5. The learned APP, on the other hand, submitted by drawing my attention to the panchnama of the spot that Rekha was in all probability burnt by the appellant and others and the statements of the neighbours clearly indicated that she was subjected to illtreatment. First, there is no appeal by the
State against the acquittal of the appellant and others of the offences punishable under Section 302 of the IPC. It is not that the learned trial Judge has held that Rekha was burnt by the appellant and others and that such
burning did not amount to murder but only constituted an offence of cruelty. He has held that the probability of Rekha having caught fire accidentally was more and, therefore, ruled out the theory of her having been set on
fire. If that be so, there has to be some independent evidence of independent incident of the victim being subjected to ill-treatment by the appellant.
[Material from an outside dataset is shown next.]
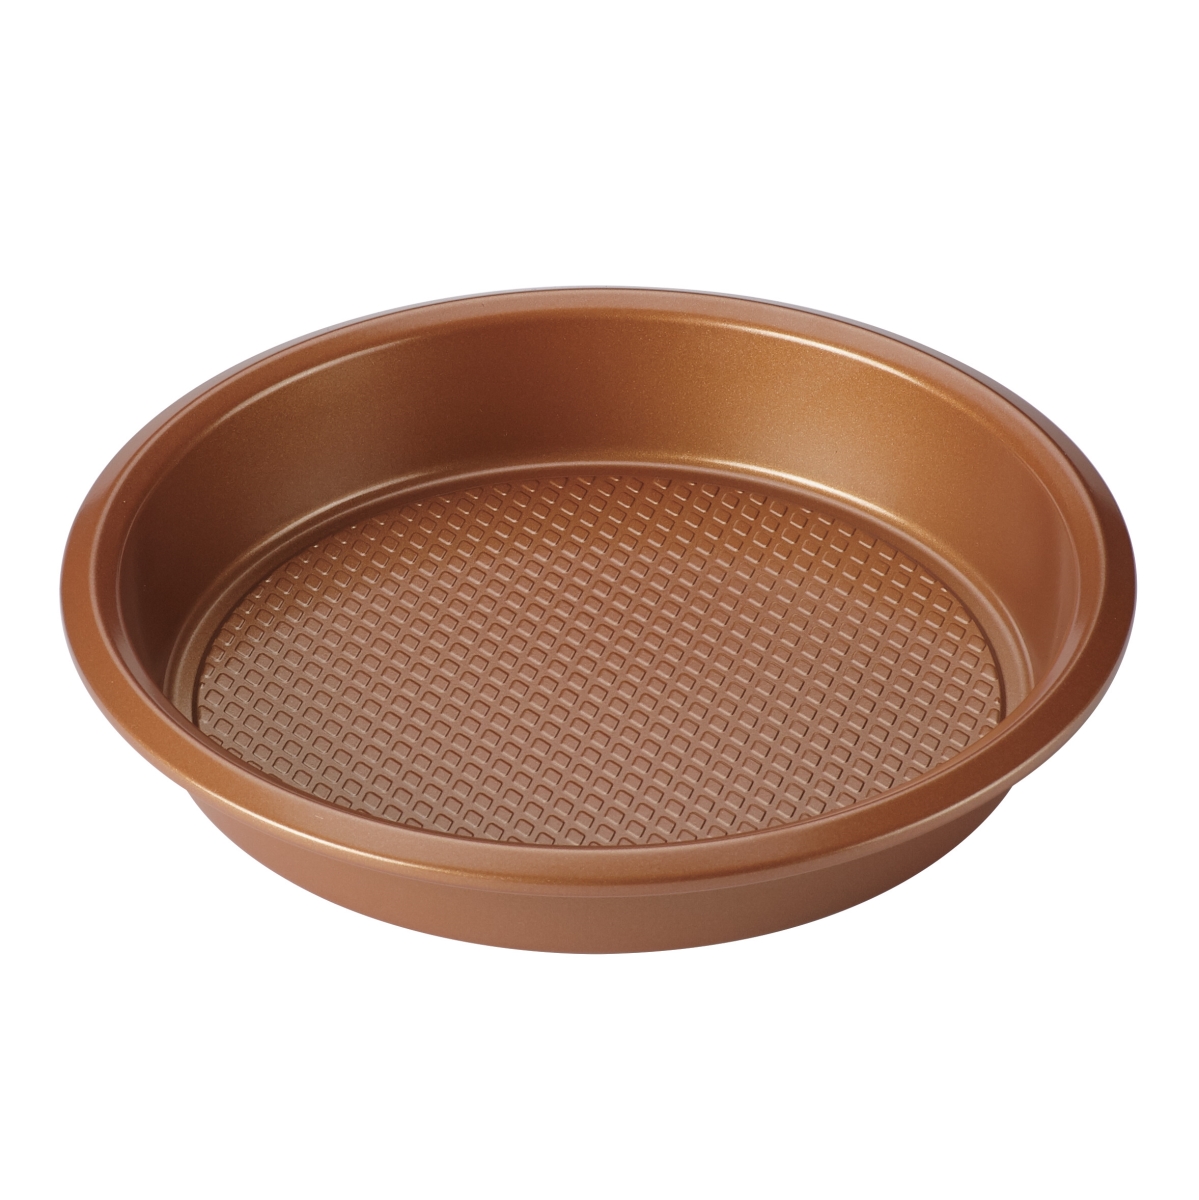 47003 Round Cake Pan, 9 In. - Copper

6. The learned APP submits that there are four neighbours, PW-7 Bhanudas Hiraman, PW-8 Kishore Wagh, PW-9 Sham Unavane and PW-10 Aminabai Khan. All of them except one state that Rekha was subjected to ill-treatment by
the appellant and others. These witnesses had not disclosed about such ill-treatment in their statements before the police. When confronted with those statements, they admitted that their police statements did not contain anything indicative of the victim having been subjected to ill-treatment by the appellant. The claim of some of the witnesses that they had so stated before the investigation officer was debunked by PW-16 PSI Bhaskar Badgujar who conducted the investigation. He states that none of these witnesses had disclosed any such thing to him.
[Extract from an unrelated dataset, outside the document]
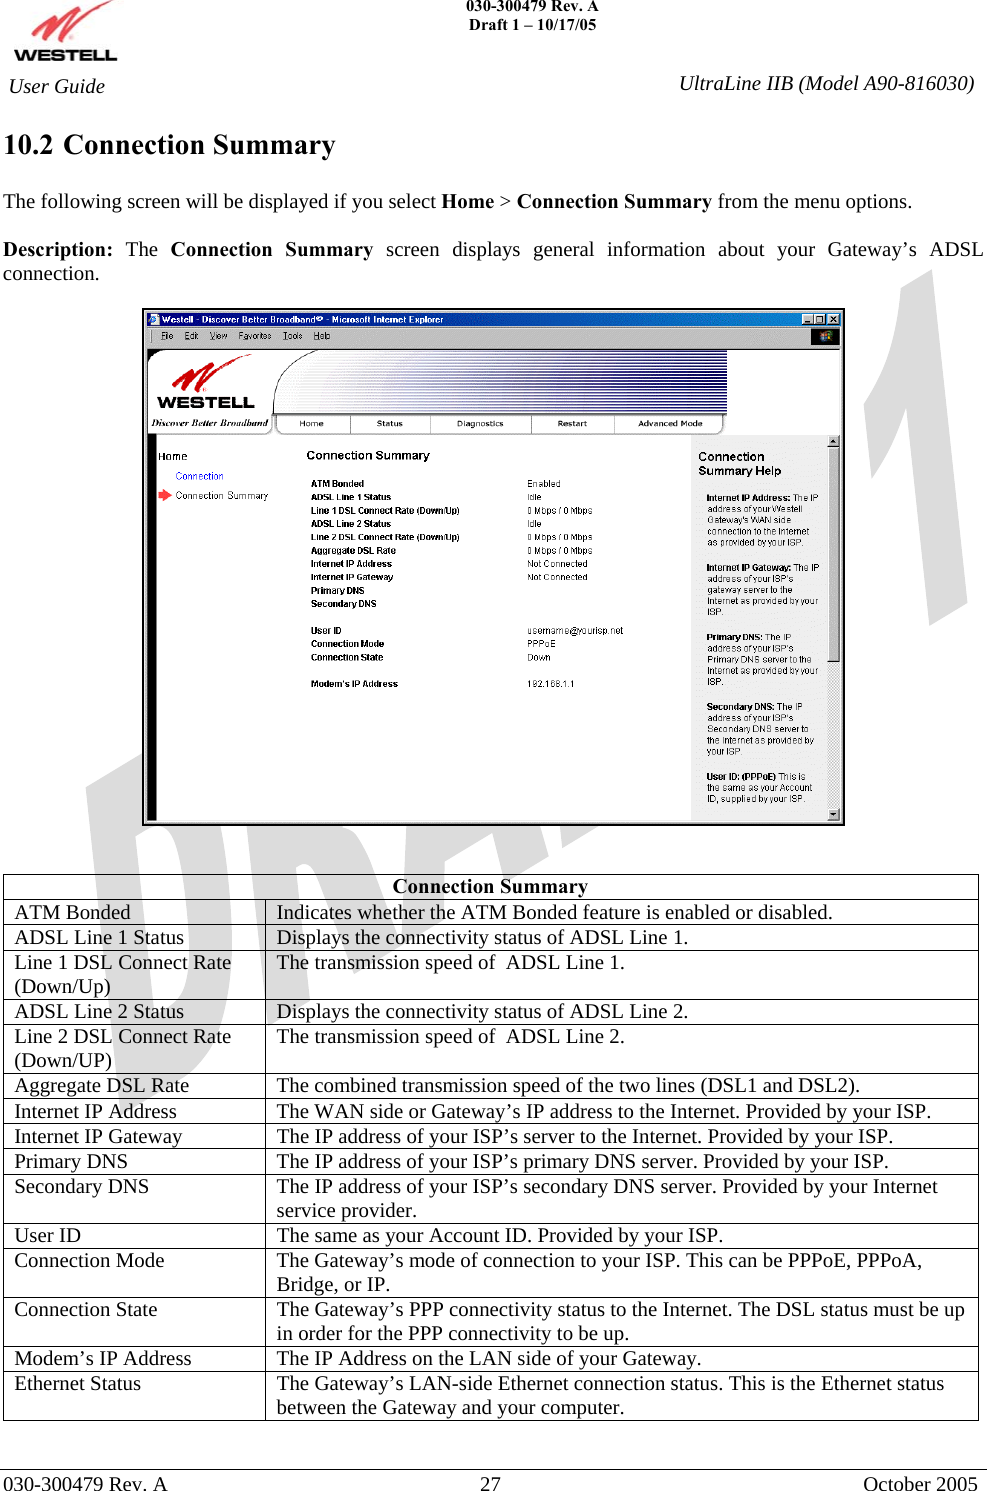    030-300479 Rev. A Draft 1 – 10/17/05   030-300479 Rev. A  27  October 2005  User Guide  UltraLine IIB (Model A90-816030)10.2 Connection Summary  The following screen will be displayed if you select Home &gt; Connection Summary from the menu options.   Description: The Connection Summary screen displays general information about your Gateway’s ADSL connection.     Connection Summary ATM Bonded  Indicates whether the ATM Bonded feature is enabled or disabled. ADSL Line 1 Status  Displays the connectivity status of ADSL Line 1. Line 1 DSL Connect Rate (Down/Up)  The transmission speed of  ADSL Line 1. ADSL Line 2 Status  Displays the connectivity status of ADSL Line 2. Line 2 DSL Connect Rate (Down/UP)  The transmission speed of  ADSL Line 2. Aggregate DSL Rate  The combined transmission speed of the two lines (DSL1 and DSL2). Internet IP Address  The WAN side or Gateway’s IP address to the Internet. Provided by your ISP. Internet IP Gateway  The IP address of your ISP’s server to the Internet. Provided by your ISP. Primary DNS  The IP address of your ISP’s primary DNS server. Provided by your ISP. Secondary DNS  The IP address of your ISP’s secondary DNS server. Provided by your Internet service provider. User ID  The same as your Account ID. Provided by your ISP. Connection Mode  The Gateway’s mode of connection to your ISP. This can be PPPoE, PPPoA, Bridge, or IP. Connection State  The Gateway’s PPP connectivity status to the Internet. The DSL status must be up in order for the PPP connectivity to be up. Modem’s IP Address  The IP Address on the LAN side of your Gateway. Ethernet Status  The Gateway’s LAN-side Ethernet connection status. This is the Ethernet status between the Gateway and your computer.

7. According to the learned APP, the learned trial Judge observed that if the I.O. does not ask the question and witness would have no occasion to narrate or convey the information, then in that case the statement of witness in the Court would not amount to omission. Now this pre-supposes too many things
which may not be permissible. First, the I.O. would be under an obligation to ask all relevant questions and in case of death of a young married woman, where there is a complaint of ill-treatment by the father of such woman,
the I.O. would be obliged to ask the neighbours about ill-treatment. Absence of reference to any such ill-treatment in the statements recorded by the I.O. would be indicative of absence of such a mention by the witnesses themselves and, therefore, the learned trial Judge should not have readily accepted the case on post facto statements of the witnesses about ill-treatment of the victim at the hands of the appellant. In view of this, the conviction of the appellant for the offence punishable under Section 498-A of the IPC cannot be sustained.
8. The appeal is, therefore, allowed. The The appellant s conviction for the offence punishable under Section 498-A of Indian Penal Code and sentence of RI for three years and fine of Rs.3000/- are set aside. Fine, if paid, be refunded. The bail bond stands cancelled.